Resistências imateriais
O paradoxo está posto desde o momento em que se entra no local da exposição. Carlos Uchôa trata do imaterial e do contingente usando um dos elementos mais resistentes fabricados pelo ser humano: o aço. As paredes de taipa de pilão que abrigam esta obra de arte são, ao contrário, de evidente fragilidade – embora aço e taipa compartilhem o mesmo óxido de ferro que os tinge. Que pode ser pigmento e estrutura, vermelho orgânico (como o sangue, que também o possui) ou mineral. E aí reside um dos aspectos essenciais da percepção da poética da obra.
A instalação se revela em diálogo sensível com a arquitetura frágil do espaço onde está inscrita, metáfora perfeita do humano.

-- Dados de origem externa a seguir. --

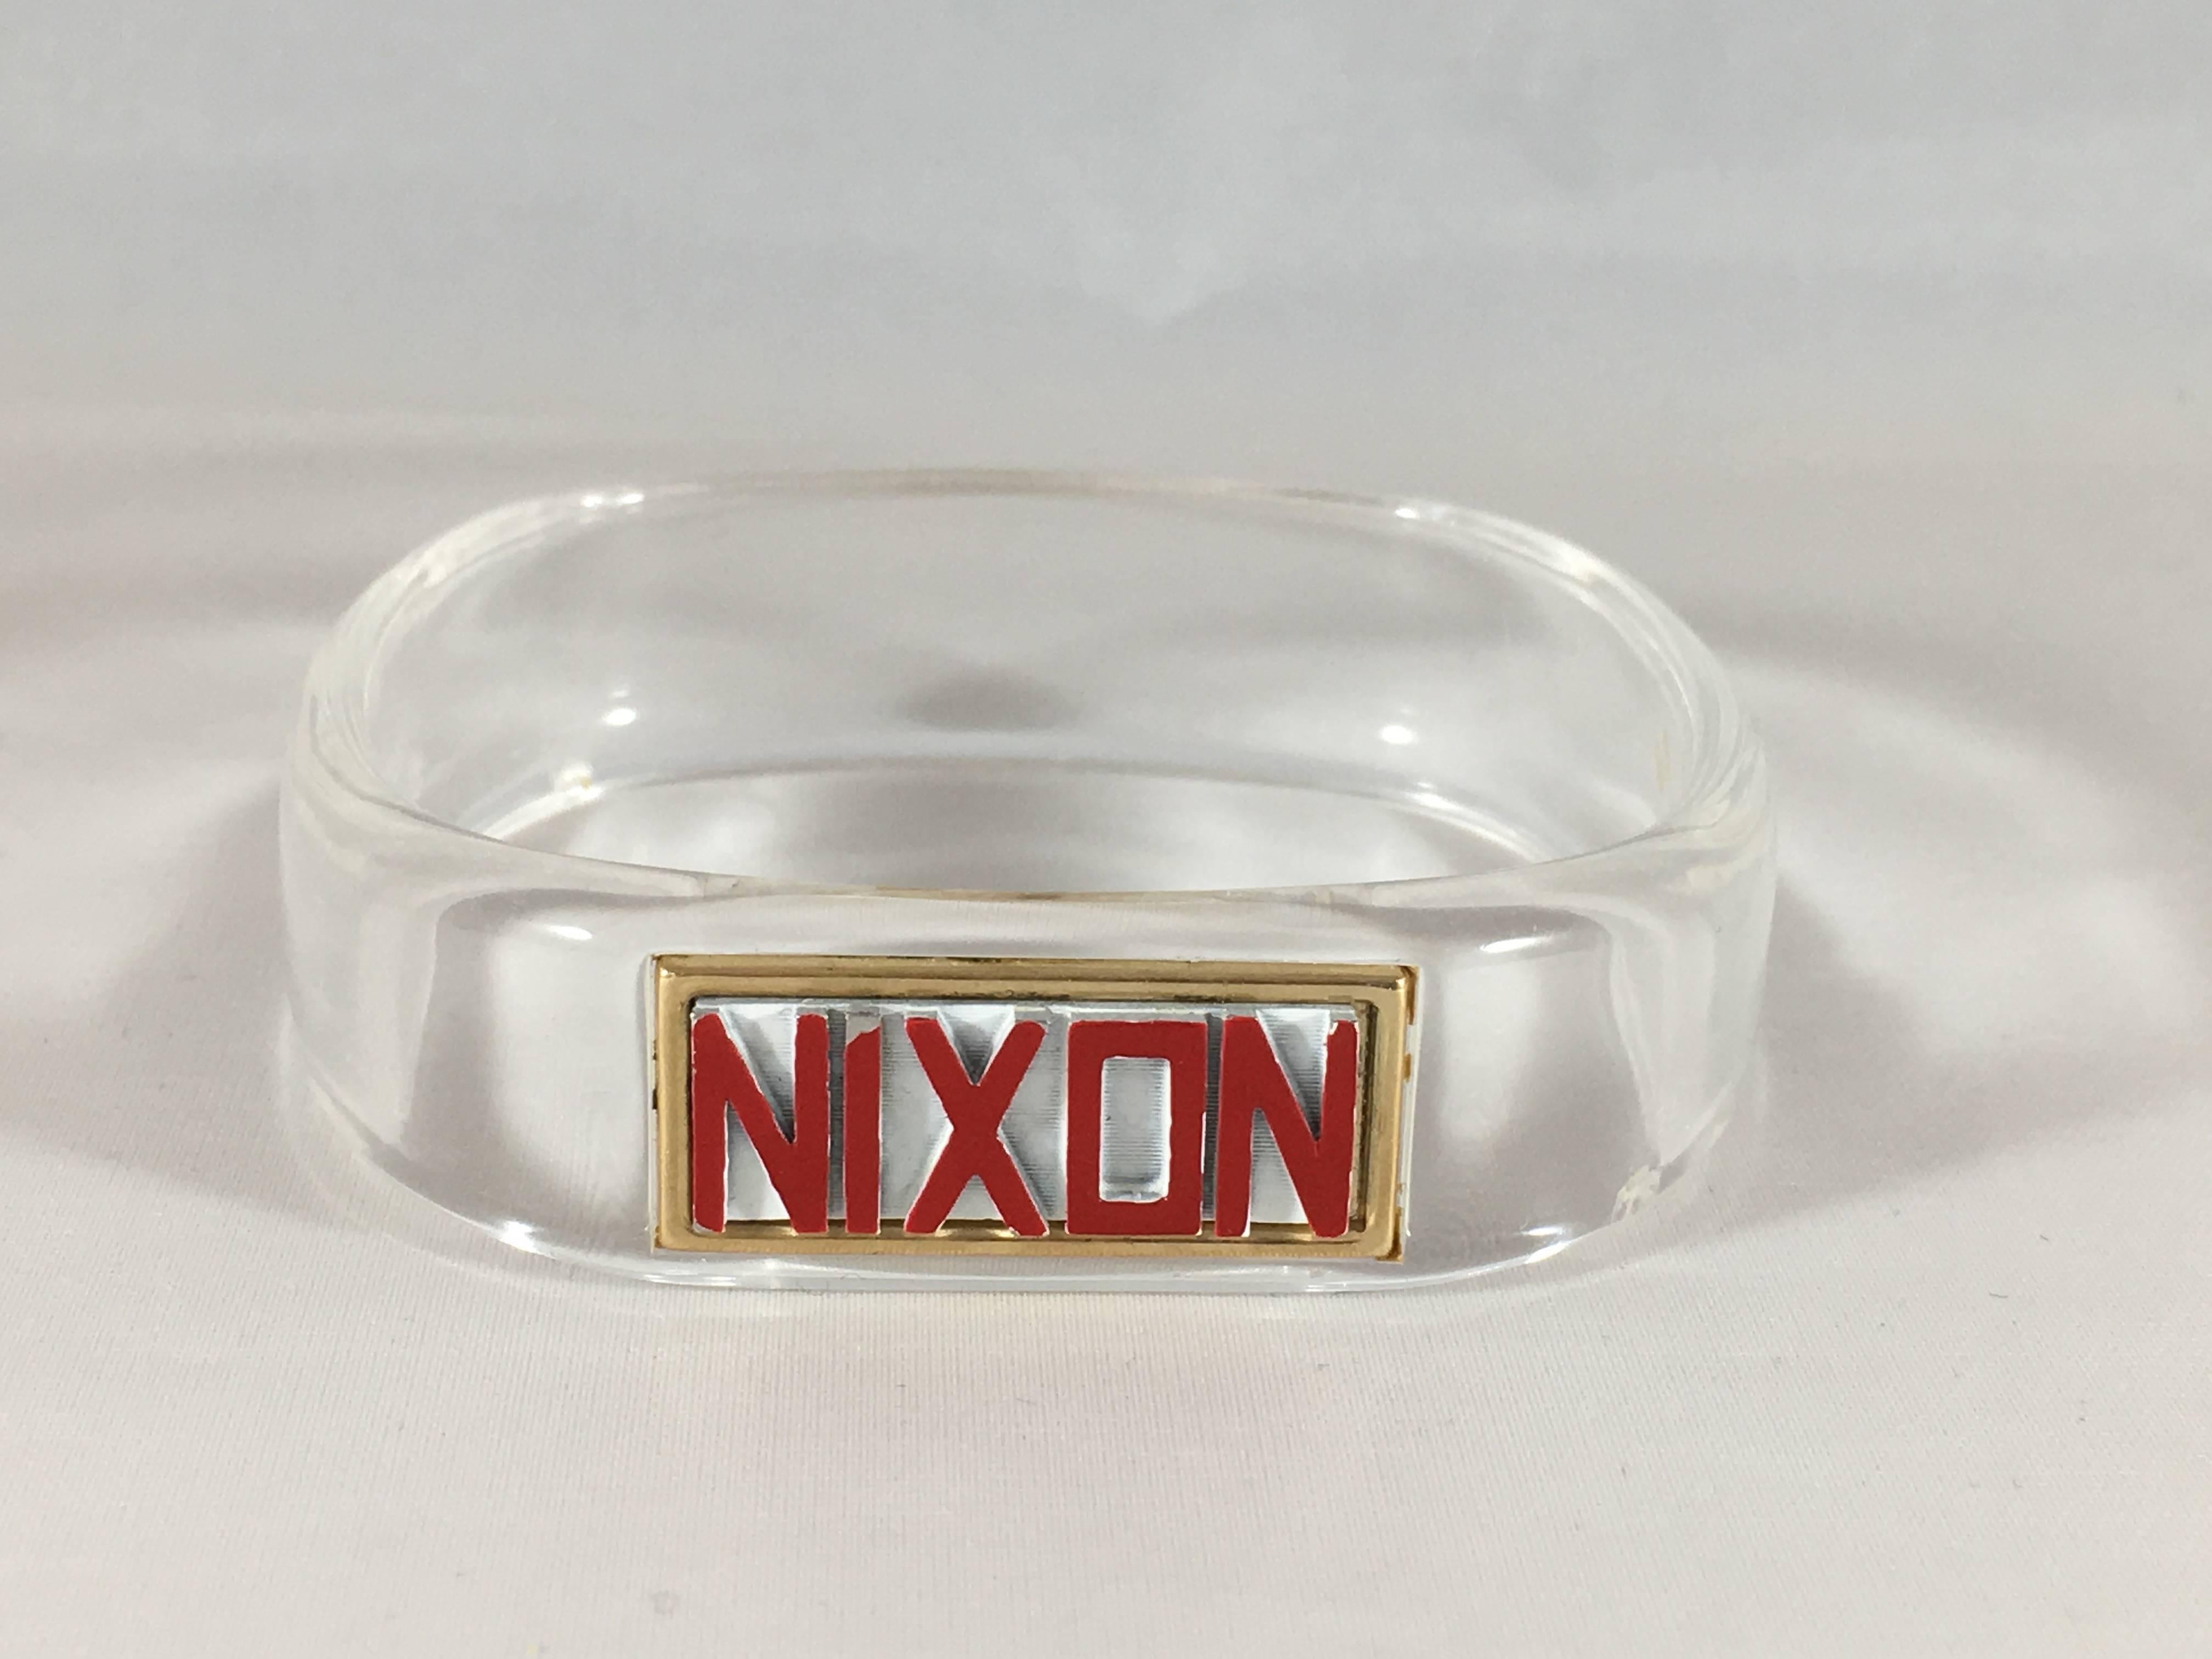 This is a collectible 1960s Trifari clear lucite 'Nixon' bangle bracelet. It has a red and white enameled gold-tone plate inserted into it that reads, 'Nixon'. It was most likely made in 1968 for the Presidential campaign. It has a great mid-century

Se na terra da taipa essa técnica arcaica de construção se revelou, com o tempo, carente de remendos em alvenaria e tijolos, há solidez na fina lâmina de aço, que se eleva até superar a altura humana e apontar para o que está acima e através do óculo, da abertura circular na parede.
O que distingue os torrões de óxido de ferro das lâminas de aço? A têmpera, ou seja, a força que resulta da passagem pelo fogo. Carlos Uchôa faz aqui, como sempre, uso competente e certeiro dos fundamentos estéticos de raiz conceitual que caracterizaram sua formação e estabeleceram suas opções de linguagem, tanto na pintura quanto na escultura e na instalação.
Há exatamente 20 anos, nos anos 1980, Uchôa soube explorar as propriedades dos materiais para extrair deles significados simbólicos capazes de estruturar significados nítidos. Foi assim que, há exatos 20 anos, em 1999, também na Capela do Morumbi, ele criou Infinitos, instalação de referência obrigatória quando se analisa a produção de arte sacra contemporânea no Brasil: houve ali uma nítida mudança de paradigma.
Em Infinitos, a pesada e óbvia figuração que costuma acompanhar a arte sacra convencional foi substituída por sutilíssima reunião de pedras, tubos de cobre suspensos do teto e panejamentos de véus brancos, semitransparentes e leves, que articulavam o espaço. Ao penetrá-los para ver o conjunto entremostrado por sombras no tecido, o deslocamento de ar ou o toque do visitante fazia com que os tubos de cobre batessem nas pedras colocadas próximas a eles, no chão, produzindo o som de sinos. O som foi o único elemento a aglutinar o conteúdo e remeter a seu significado essencial e imaterial: a busca da transcendência e do sagrado.
Em Sursum corda, a instalação atual, novamente temos a abordagem do imaterial, mas a pesada estrutura que protagoniza o espaço expositivo enuncia que o foco agora está nas questões terrenas, no sofrimento de carne e osso. É algo que poreja sangue, tal como parece sugerir a textura rugosa desse tipo especial de aço. O conjunto inclui um grande espelho, na parede, ao final da perspectiva ascensional do aço. Acima dele e do óculo está o dístico, em neon, sursum corda (em latim, corações ao alto). O conteúdo poético, porém, é bem mais amplo e ecumênico do que pode encerrar essa frase extraída da liturgia católica. Ele aponta para a necessária vontade de transformação que habita todo ser humano, independentemente de crença ou contexto cultural.
Na atualidade de um país fragilizado em fundamentos da cidadania e das noções mais básicas de humanismo, a superação e a transformação é um imperativo vital. A violência e o uso abusivo do poder instauraram uma necrocracia, o império da destruição, do aniquilamento do outro e da banalização da morte. “Vamos adiante dessa violência e negação de vida que estamos vivendo”, conclama Uchôa.
Trata-se de um desafio de superação: sair do nível zero a que os valores humanos estão reduzidos e atingir, para além da contingência, a fortaleza de espírito que abre caminhos. O ser humano se saber agente ativo de transformações interna e externa é o primeiro passo para perceber aquilo que se poderá alcançar no coletivo. Afinal, o caminho de Sursum corda não é estreito nem exclusivo: é uma perspectiva feita de linhas que se unem no infinito.
Angélica de Moraes
Sursum Corda – Carlos Uchôa
Capela do Morumbi | Museu da Cidade de São Paulo
Av. Morumbi, 5387 – Morumbi, São Paulo – SP
24 de novembro de 2019 a 19 de junho de 2022
Terça a domingo, das 9 às 17h.
Entrada gratuita, sem necessidade de agendamento ou retirada de ingresso.